Коняев глянул на корешок и не сразу разобрал по-славянски; подумавши, сказал:
— Понимаю.
— Ну, это ты врешь, — сказала спокойно Тришачиха. — Понимать ты этой книги не можешь. А понять тебе надо, что это книга особая, — и дело тебе будет особое. Обнови ее, да работать чтоб без охальства, и табаком не окуривай. Так можешь?
— Не пробовал, — засмеялся Коняев.
— А ты попробуй. В убытке не останешься.
— Попробую.
Ему интересна была работа.
— Уговор лучше денег: на честь работать.
— А почему не на совесть?
— В совесть-то твою не очень верю, а в честь, пожалуй, поверю.
— Ну, ладно. И на том спасибо.
Коняев сделал шаг к книге, намереваясь взять и обернуть ее в бумагу, но Тришачиха преградила ему путь:
— Да ты в уме? Сама уложу и отнесу.
Она увязала книгу в чистую салфетку и понесла к Коняеву. Подходя к его дому, она спросила:
— Да ты бóжный али безбожный? — говорю прямо: на колокол, как пес, лаять не станешь?

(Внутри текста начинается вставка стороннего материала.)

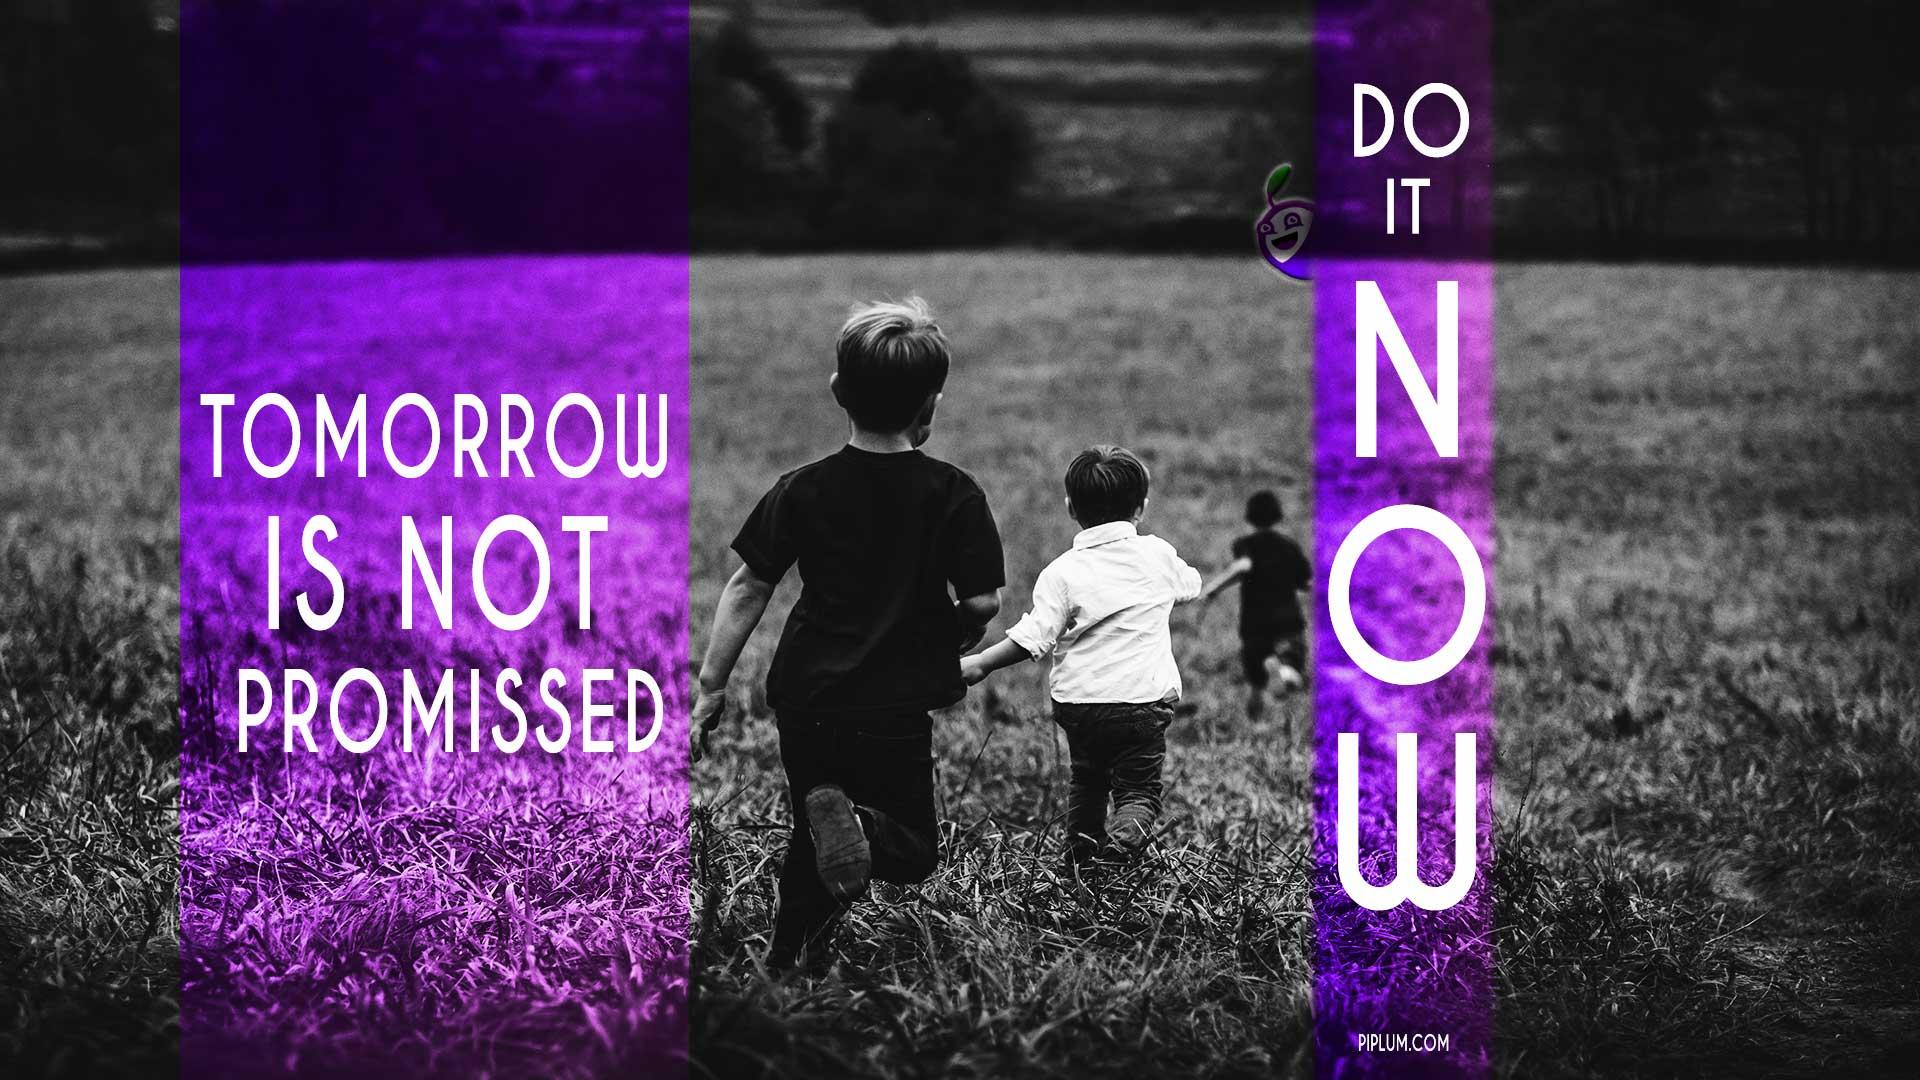 Tomorrow Never Promised Piplum Motivation

— Не стану, — ответил Коняев с улыбкой.
— Добро, — успокоилась Тришачиха, и внесла в коняевский дом свое сокровище. Там она строго наказала матери Коняева — смотреть за сыном, чтоб не было охальства, когда будет переплетать книгу, и чтоб табачищем ее не обкуривал бы.
Коняев добросовестно исполнил работу. И когда Тришачиха, через неделю, пришла за обновленной авессаломовской книгой, — книга желтела, отливаясь в золото, и застежки ее сверкали, как кованные из червонцев. Тришачиха была умилена — и, поцеловав Коняева в лоб, сказала:
— Ну, теперь, тебе от работы отбою не будет. Всем про тебя разблаговещу, всюду тебя введу. К Демерше сведу. Руки у тебя, вижу, золотые. Золото к золоту и пойдет.
С этого дня переплетчик Фавст пошел в гору. Его приятель, рабочий Коростелев, поддразнивал его:
— Ходунов раздавил Апокалипсис автомобилем, а ты его воскресил. Выходишь ты ретроград, товарищ.
Коняев отшучивался:
— Я только гроб ему позолотил: не встанет.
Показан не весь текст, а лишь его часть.